The dreamer in me wants to believe the latter. That animals are far more emotionally complex than humans. That they proactively seek out social relationships outside of their own species. And that they even learn how to connect with one another by adopting the behaviors of other mammals.
Now, although these interspecies relationships are well documented in popular media, the number of official scientific studies are scarce.
But one fascinating university study did catch my eye. There are several potential correlations between wild animals and humans.
First, there is a beautiful definition of what an interspecies friendship actually is. Sustainable, altruistic or reciprocal relationships between two or more different animal species where they interact with a certain frequency and consistency of affiliation behaviors which are not reproductive or aggressive.
Sounds like the kind of friend every human needs. Just imagine if more people forged relationships in that way. Kind of makes you wonder. If a rhino and a goat can connect across species lines, why are still fighting wars with each other?
The second conclusion that caught my eye was, young animals appear to make more interspecies friendships through play, whereas adults make more interspecies friendships through social bonding and proximity to other animals.

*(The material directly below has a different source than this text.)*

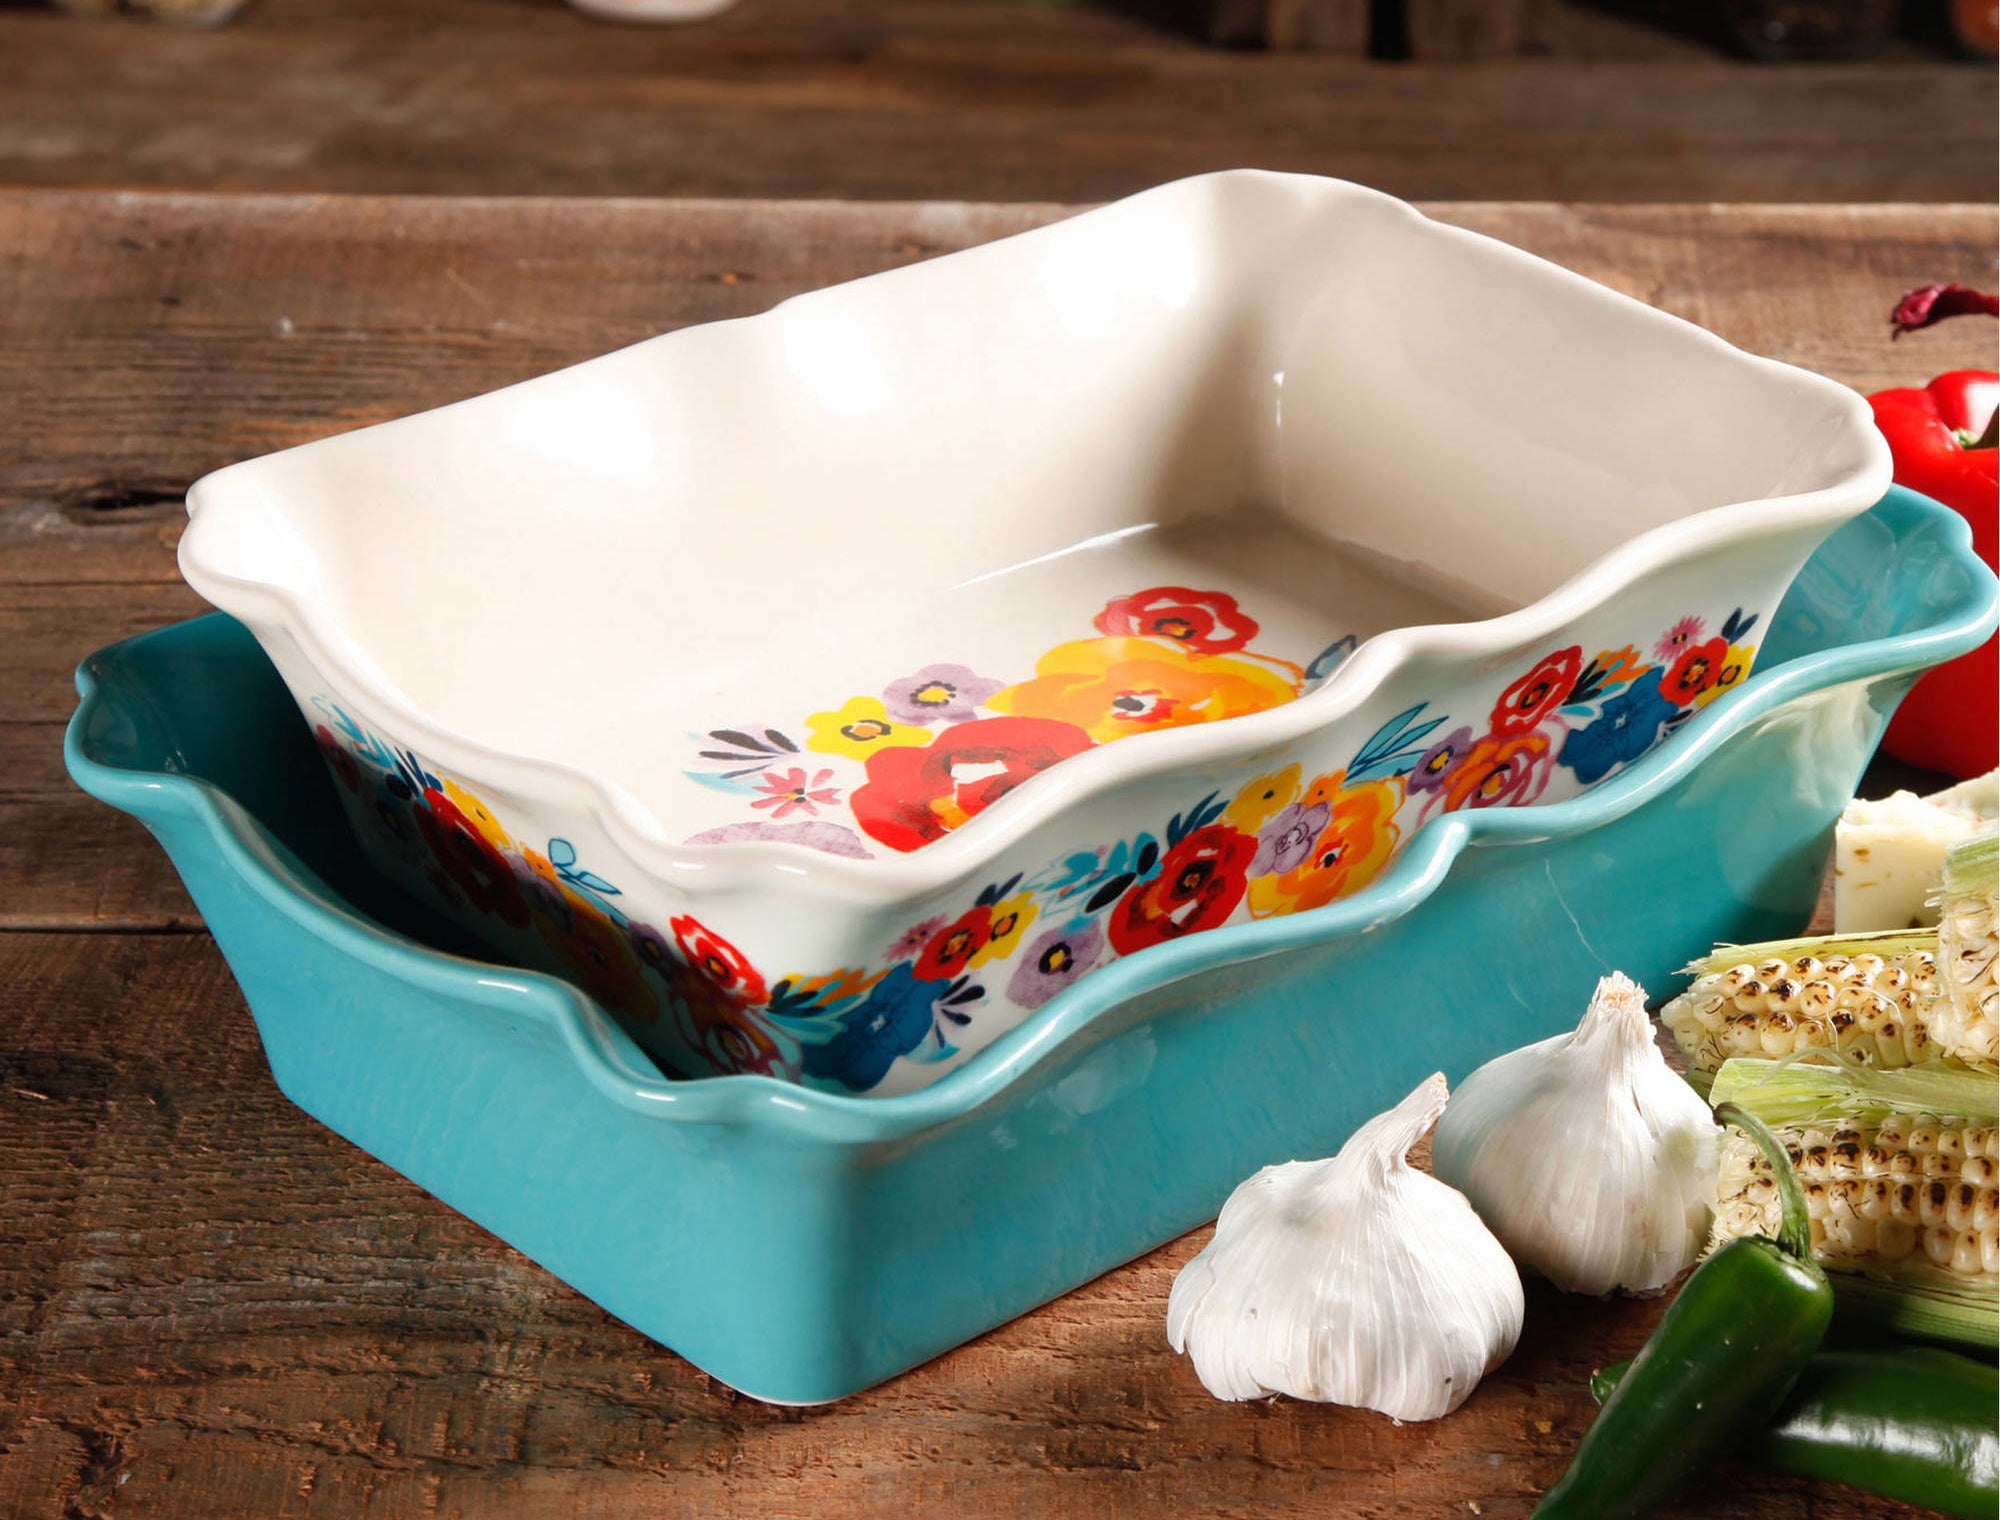 The bakeware set with one pan in a teal color, and the other is white with a colorful floral print
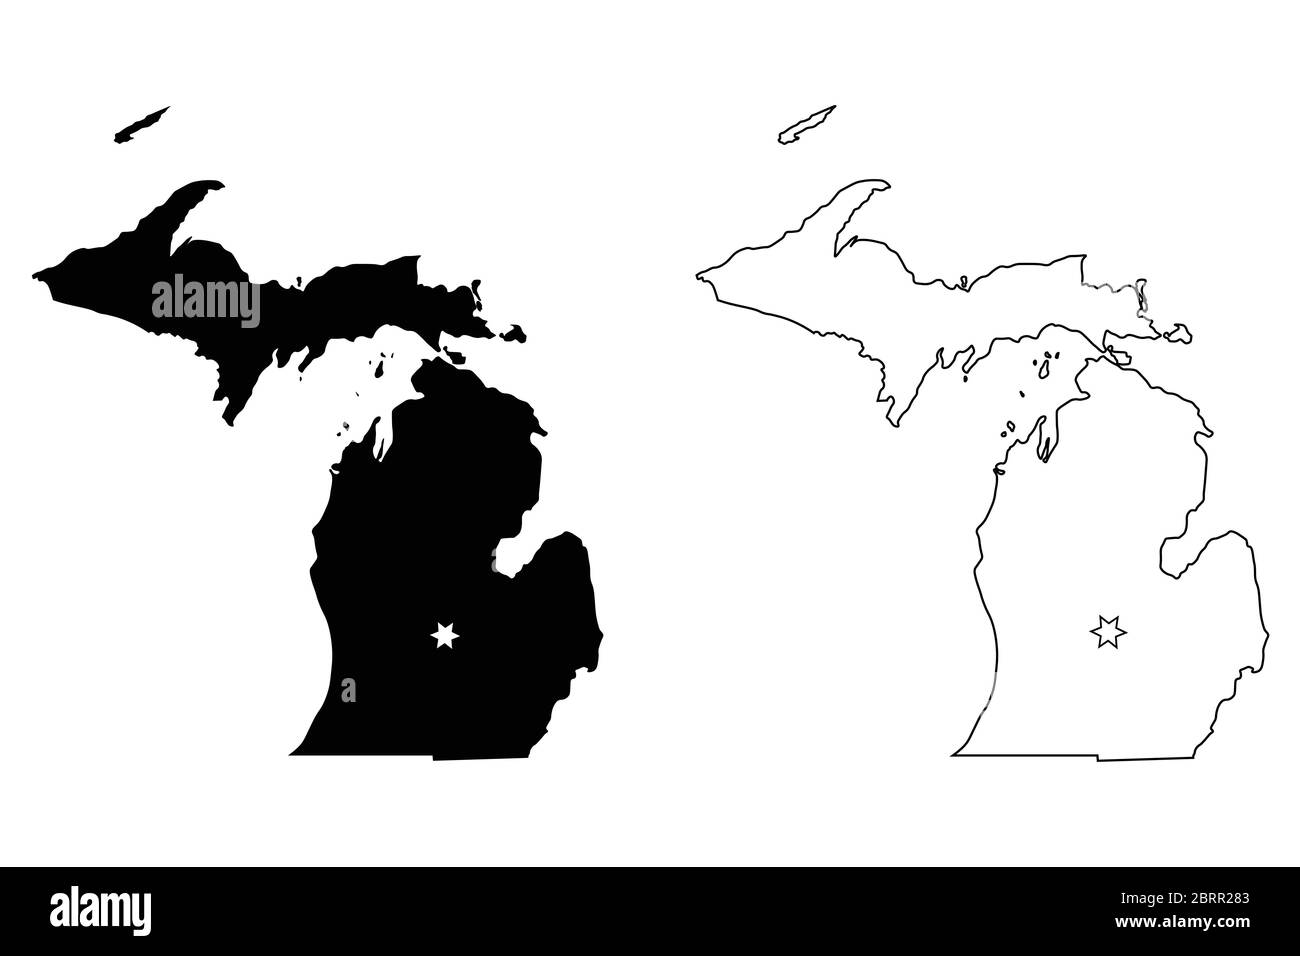 Michigan MI state Map USA with Capital City Star at Lansing. Black silhouette and outline isolated on a white background. EPS Vector Stock Vector

Once again, humans could learn a thing or two from this point. Think about kids. They make friends with anybody, anywhere. They don’t size each other up with condescending questions first. What do you do? Who do you know here? Is that your diamond encrusted sippie cup? Kids don’t care. They want to play.
Adults, on the other hand, have decades of prejudices and traumas that conspire to limit their relationships to those who look, think and dress exactly like them.
Because they’ve been burned and screwed over too many times, and their hearts have been hardened.
Reminds me of a powerful song lyric. David Gray sings:
We were born with our eyes wide open, so alive with wild hope, now can you tell me why, time after time, they drag you down, down in the darkness deep, fools in their madness all around, know that the light don’t sleep.
You don’t need a degree in zoology to make the conclusion.
Now if you’ll excuse me, my pet flamingo needs to go for her daily walk.
LET ME ASK YA THIS…
How many people did you go out of your way to avoid yesterday?